Tesis
Degradation modeling for reliability analysis with time-dependent structure based on the inverse gaussian distribution
Fecha
2017-04-07Registro en:
Autor
Morita, Lia Hanna Martins
Institución
Resumen
Conventional reliability analysis techniques are focused on the occurrence of failures over
time. However, in certain situations where the occurrence of failures is tiny or almost null, the
estimation of the quantities that describe the failure process is compromised. In this context the
degradation models were developed, which have as experimental data not the failure, but some
quality characteristic attached to it. Degradation analysis can provide information about the
components lifetime distribution without actually observing failures. In this thesis we proposed
different methodologies for degradation data based on the inverse Gaussian distribution.

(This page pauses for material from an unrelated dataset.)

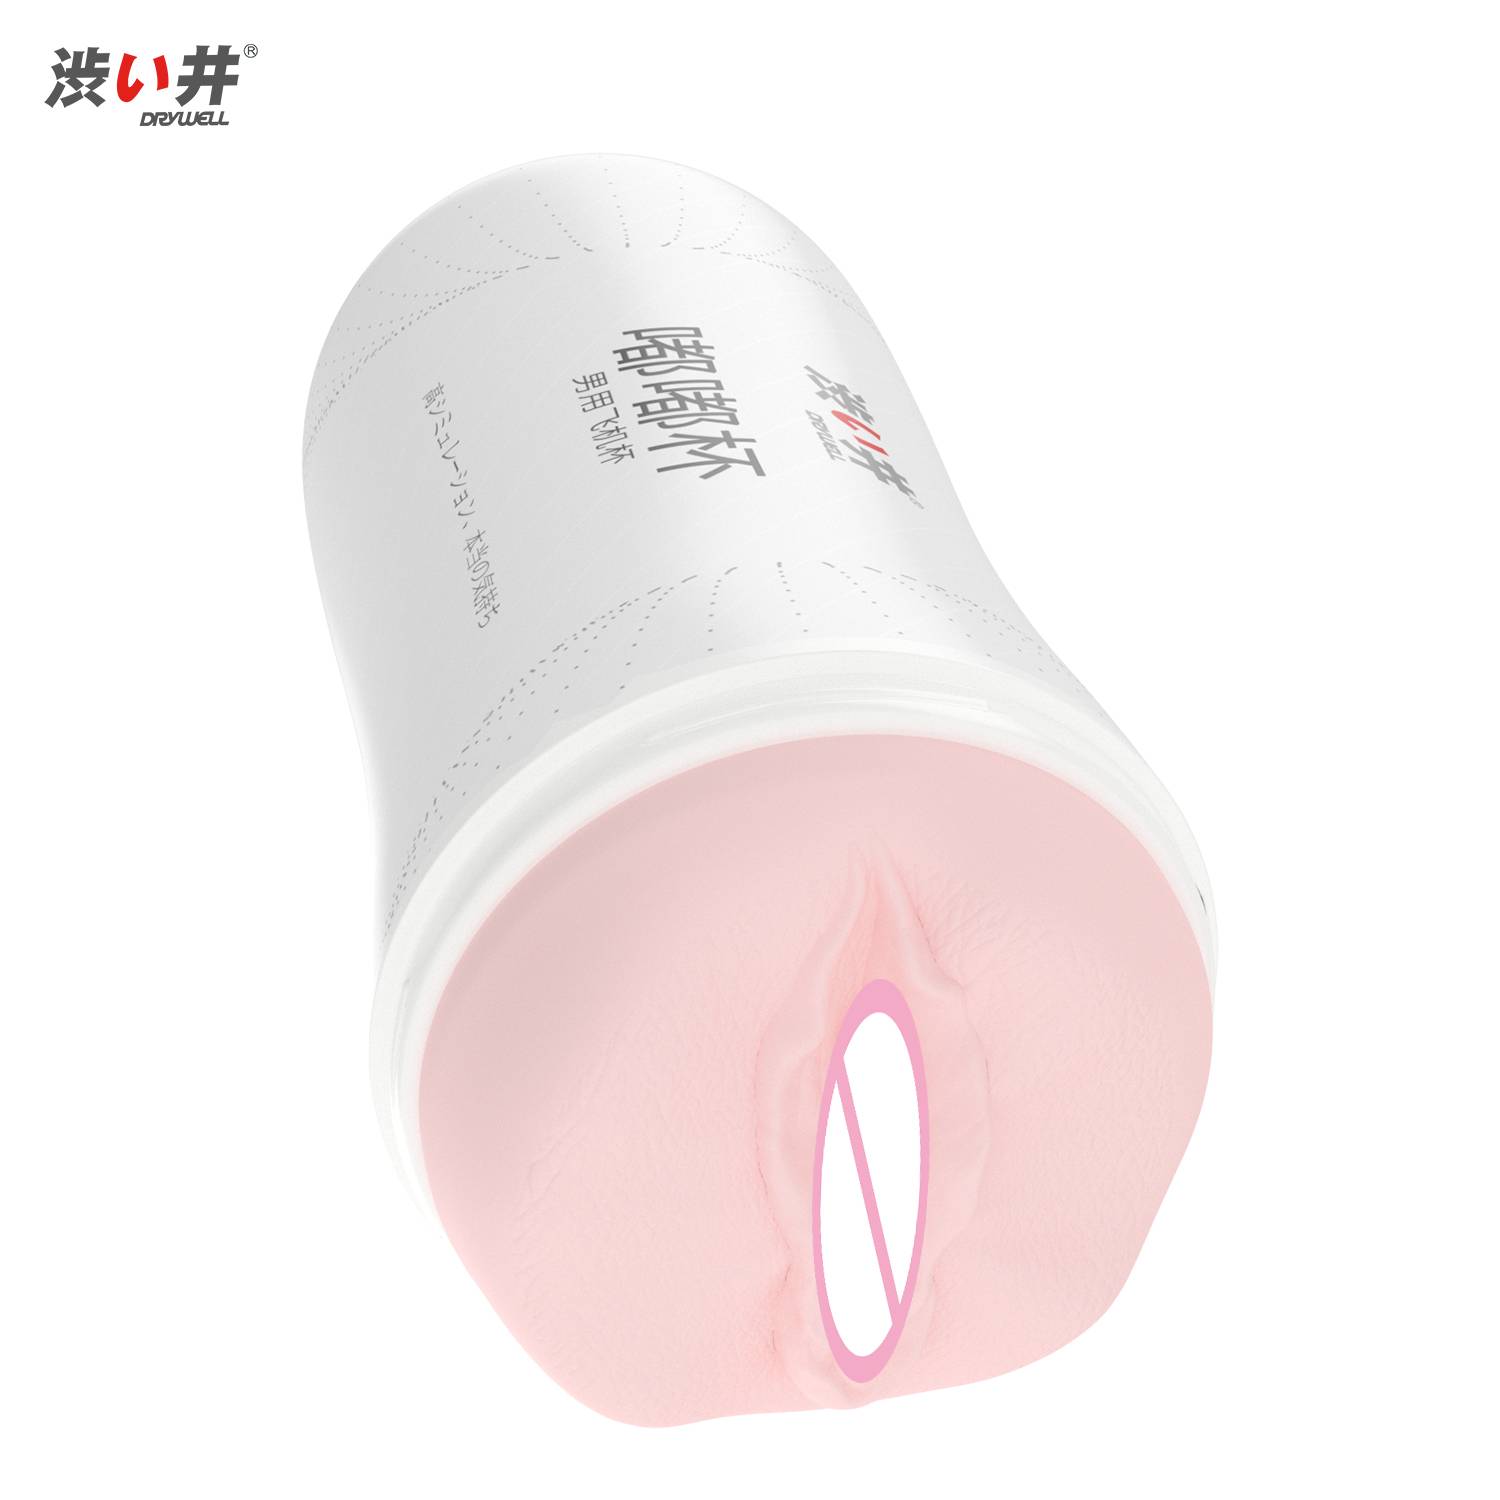 DRY WELL Male Masturbator Cup Soft Pussy Sex Toys Realistic Vagina for Men Silicone Pocket Pussy Mens Masturbation Sex Products
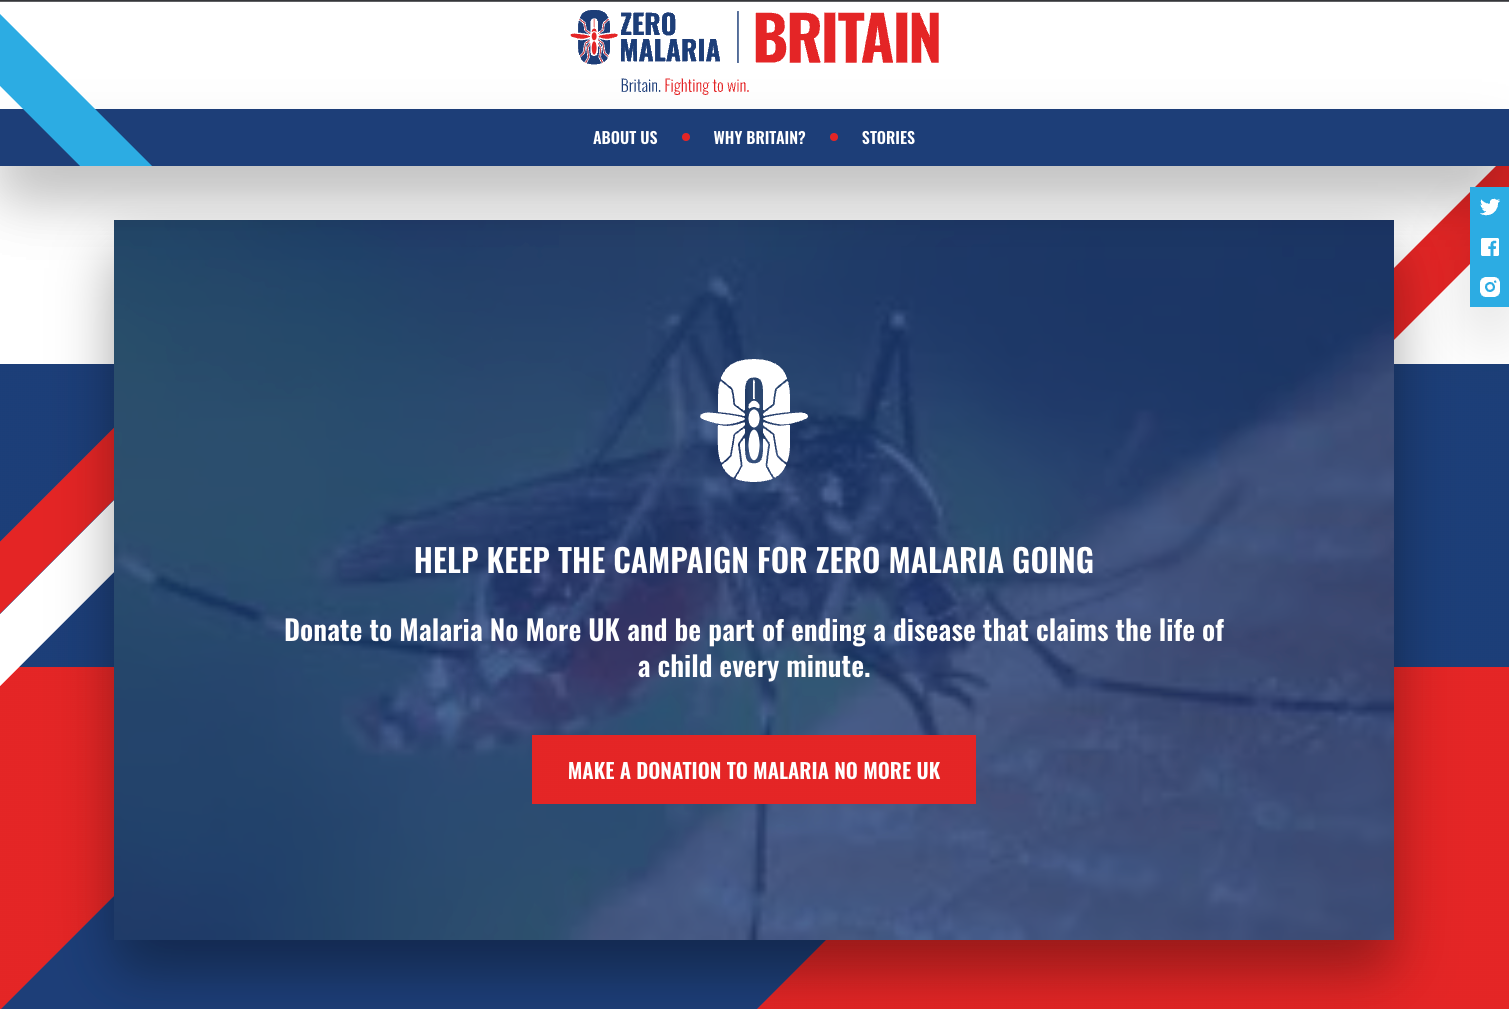 Small page snippet from the Zero Malaria UK website

Initially, we introduced the inverse Gaussian deterioration rate model for degradation data and
a study of its asymptotic properties with simulated data. We then proposed an inverse Gaussian
process model with frailty as a feasible tool to explore the influence of unobserved covariates,
and a comparative study with the traditional inverse Gaussian process based on simulated data
was made. We also presented a mixture inverse Gaussian process model in burn-in tests,
whose main interest is to determine the burn-in time and the optimal cutoff point that screen
out the weak units from the normal ones in a production row, and a misspecification study was
carried out with the Wiener and gamma processes. Finally, we considered a more flexible
model with a set of cutoff points, wherein the misclassification probabilities are obtained by
the exact method with the bivariate inverse Gaussian distribution or an approximate method
based on copula theory. The application of the methodology was based on three real datasets in
the literature: the degradation of LASER components, locomotive wheels and cracks in metals.